*** Opening of Data excerpt ***

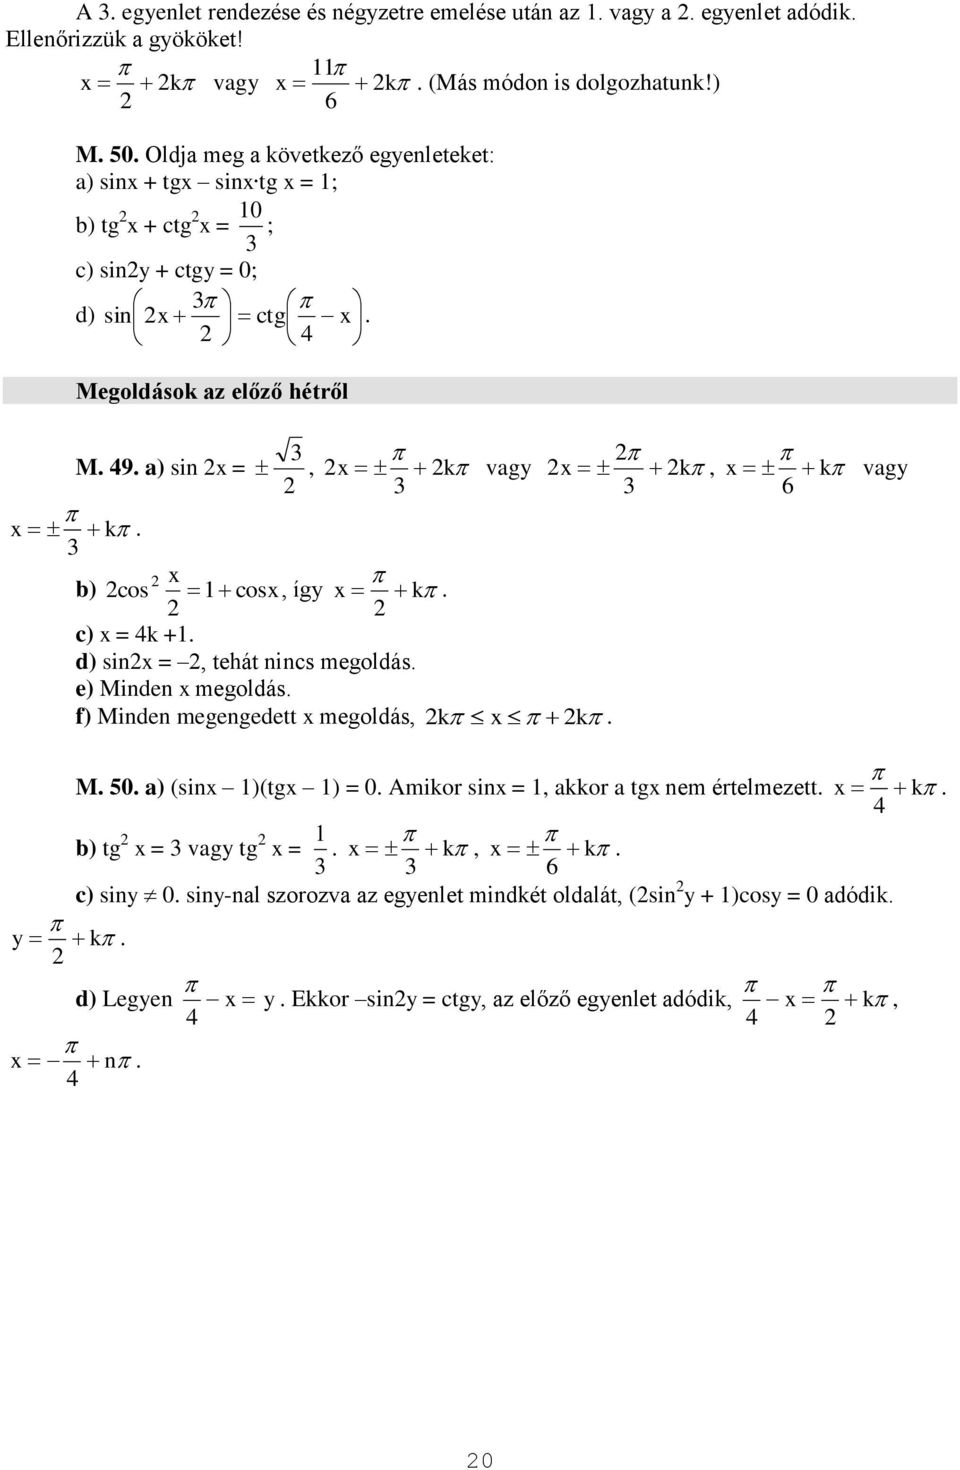 k vagy 6 b) cos cos, így k c) = k + d) sin =, tehát nincs megoldás e) Minden megoldás f) Minden megengedett megoldás, k k M 0 a) (sin )(tg ) = 0 Amikor sin =, akkor a
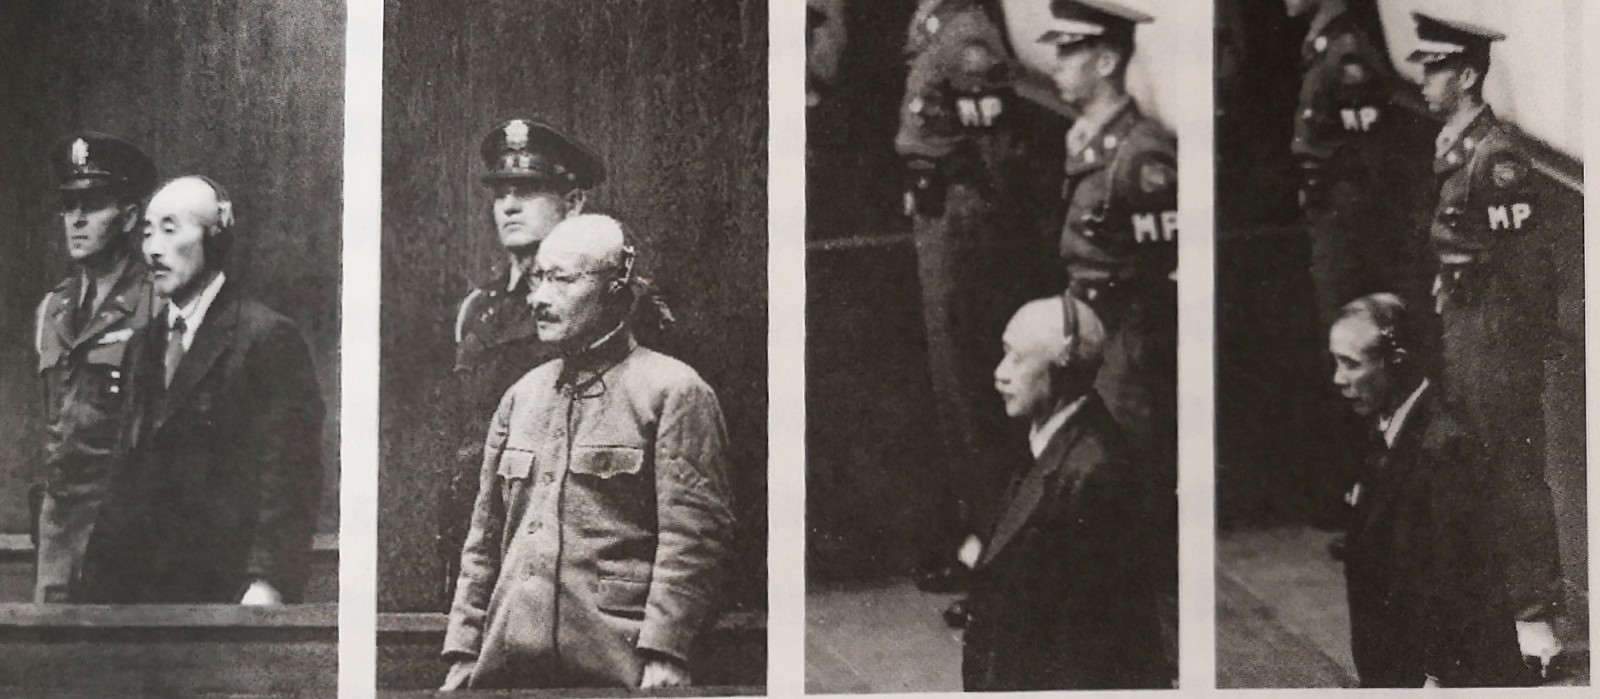 图28 被判处绞刑的四位日本战犯。从左至右依次为板垣征四郎、东条英机、土肥原贤二、广田弘毅.jpg
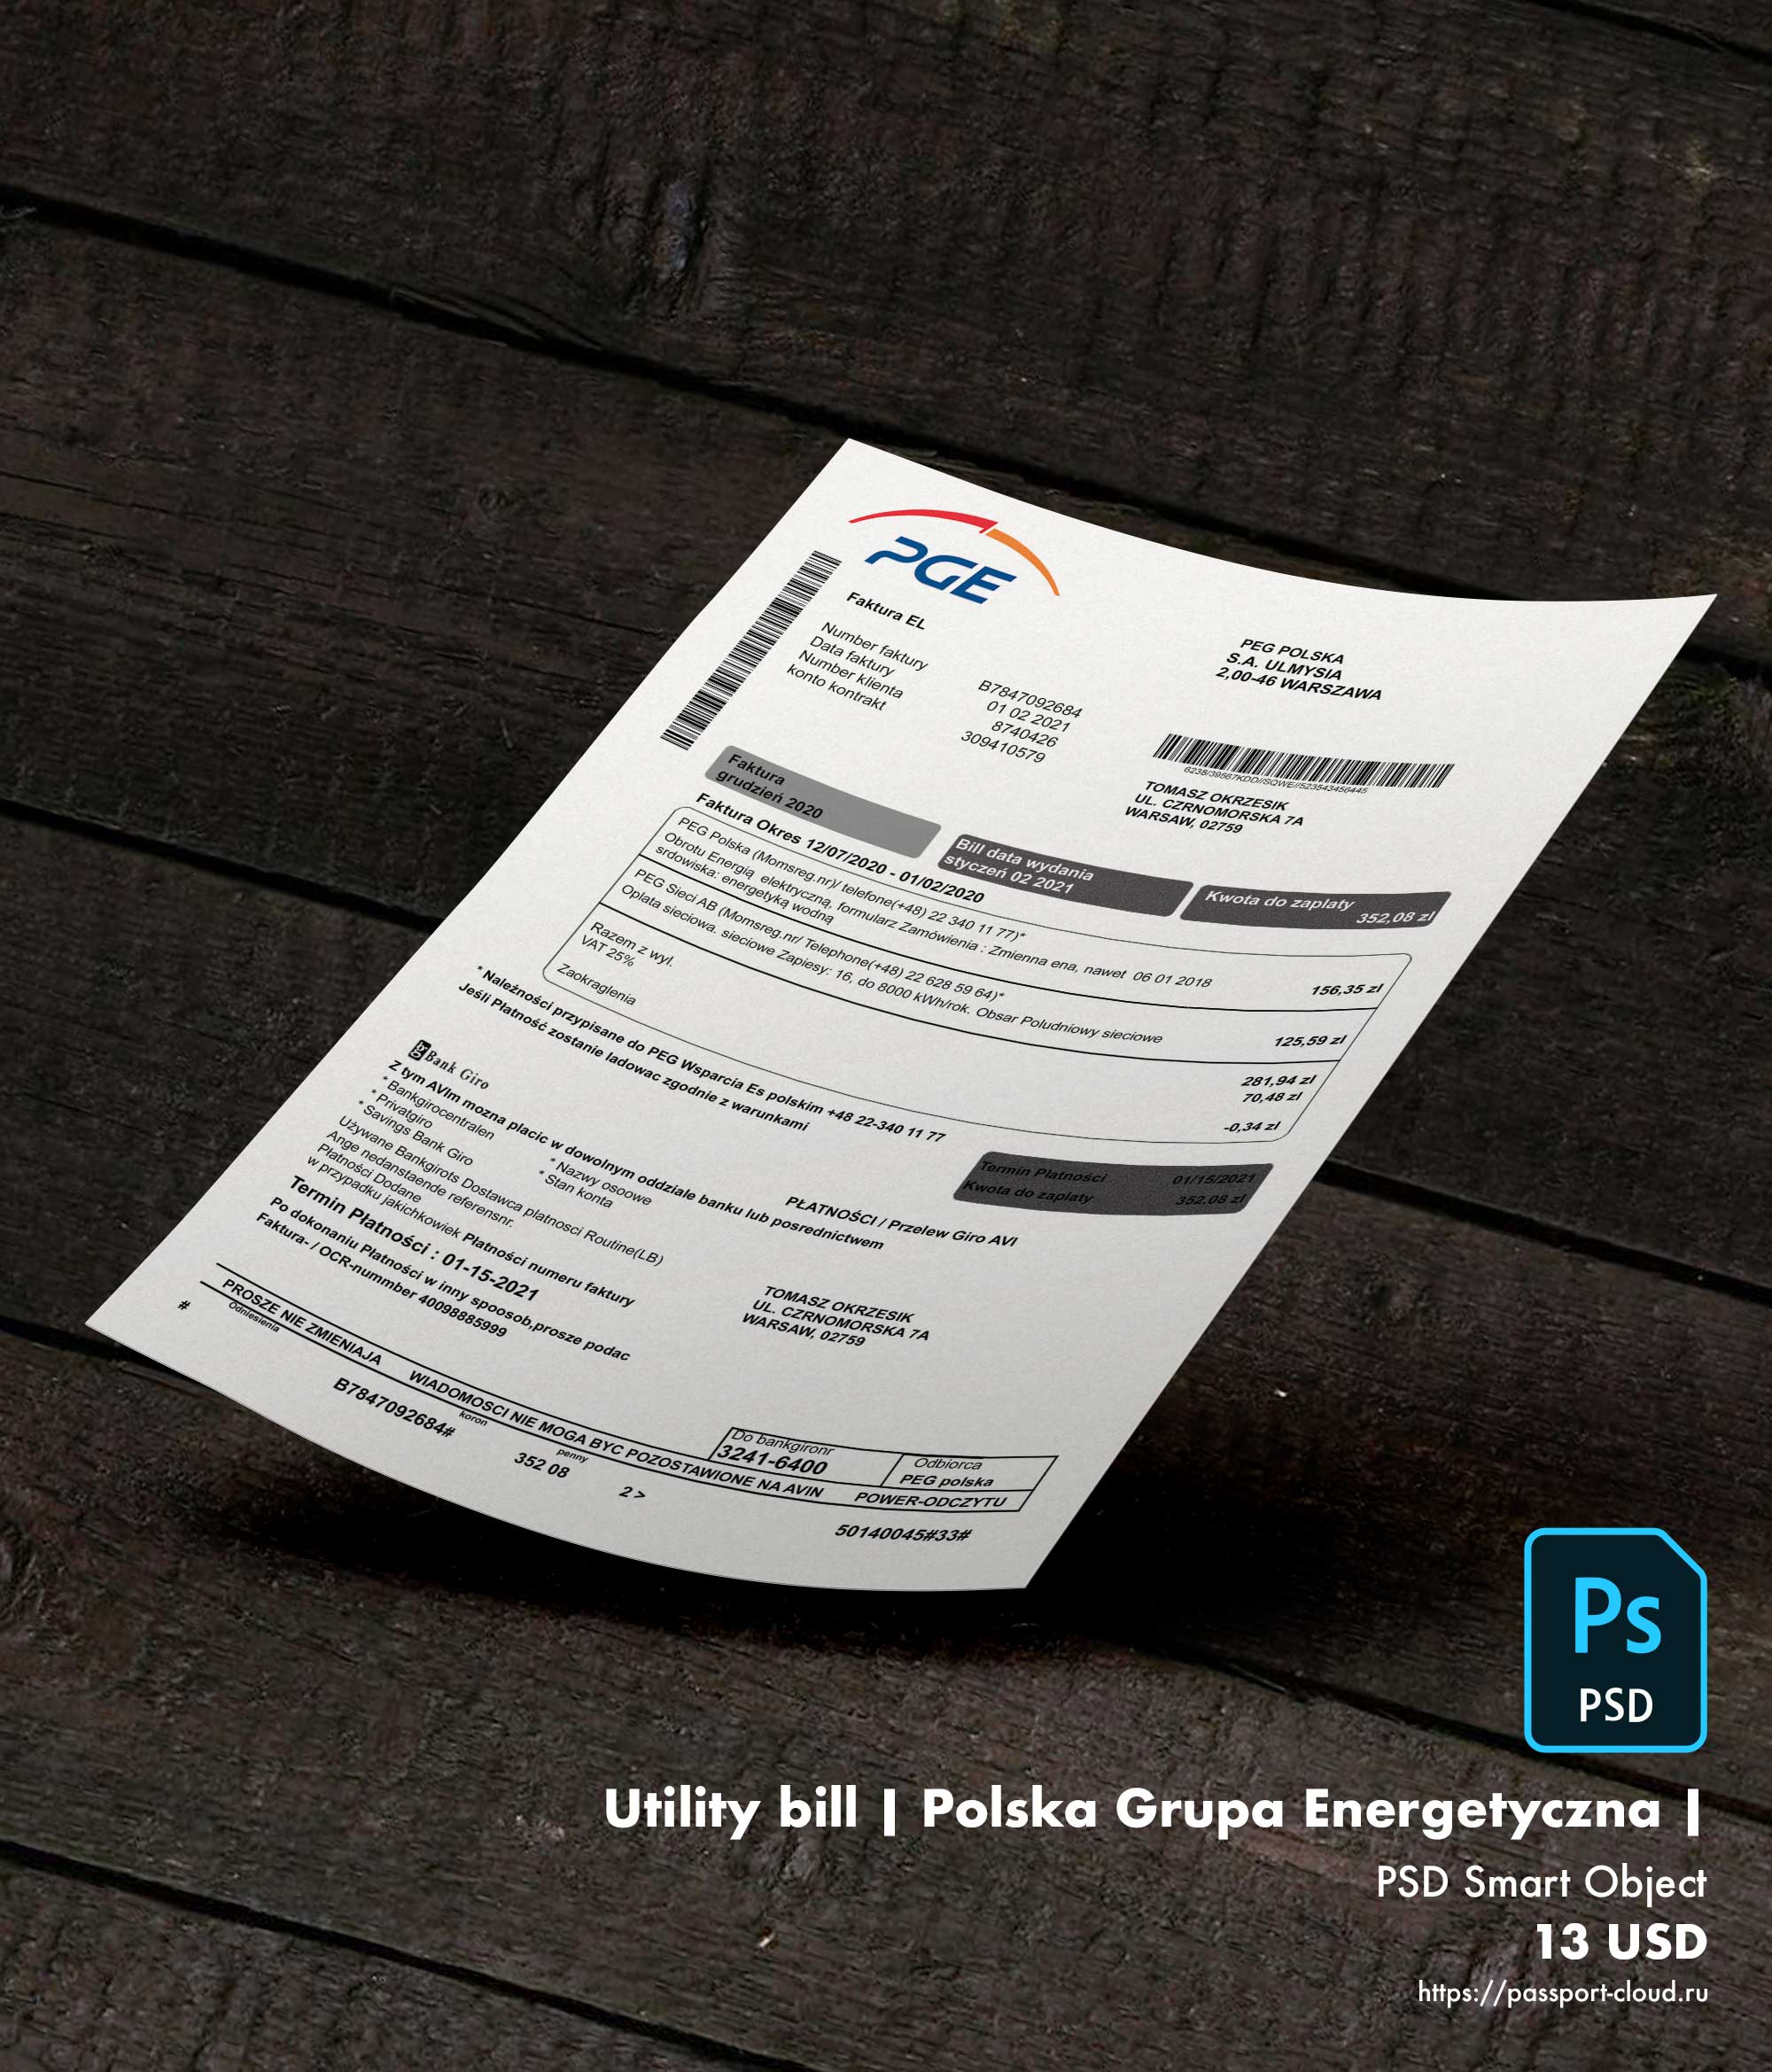 Utility bill | Polska Grupa Energetyczna | Poland |1

*** Close of Data excerpt ***

**What this task involves:** Everything in the data except the pictures must be transcribed exactly.

**Solved problem:**
 k vagy 6 b) cos cos, így k c) = k + d) sin =, tehát nincs megoldás e) Minden megoldás f) Minden megengedett megoldás, k k M 0 a) (sin )(tg ) = 0 Amikor sin =, akkor a
 图28 被判处绞刑的四位日本战犯。从左至右依次为板垣征四郎、东条英机、土肥原贤二、广田弘毅.jpg
 Utility bill | Polska Grupa Energetyczna | Poland |1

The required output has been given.